● **Work to complete**
Look through the records below for the line with "Primate Systems PDP" and the line with "Roblox Game coloring page", then return those lines and all lines between, exactly.

● **Supplied material**
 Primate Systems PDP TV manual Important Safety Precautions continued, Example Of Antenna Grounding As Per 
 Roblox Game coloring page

---

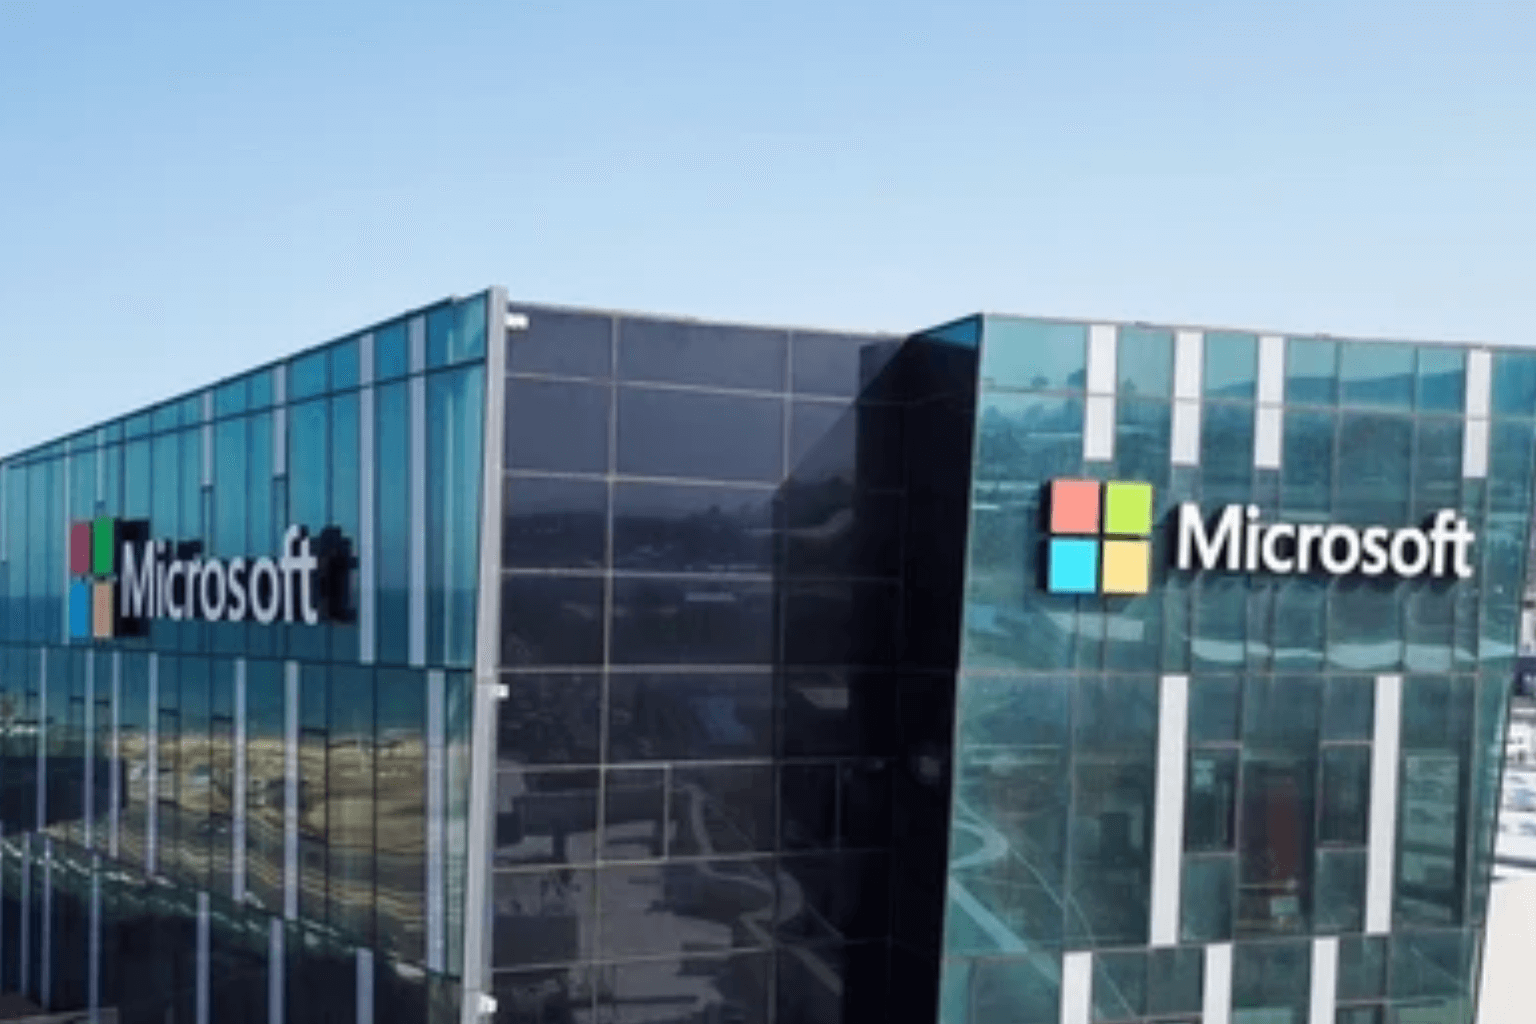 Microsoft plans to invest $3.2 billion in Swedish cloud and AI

● **Answer to this exercise**
 Primate Systems PDP TV manual Important Safety Precautions continued, Example Of Antenna Grounding As Per 
 Roblox Game coloring page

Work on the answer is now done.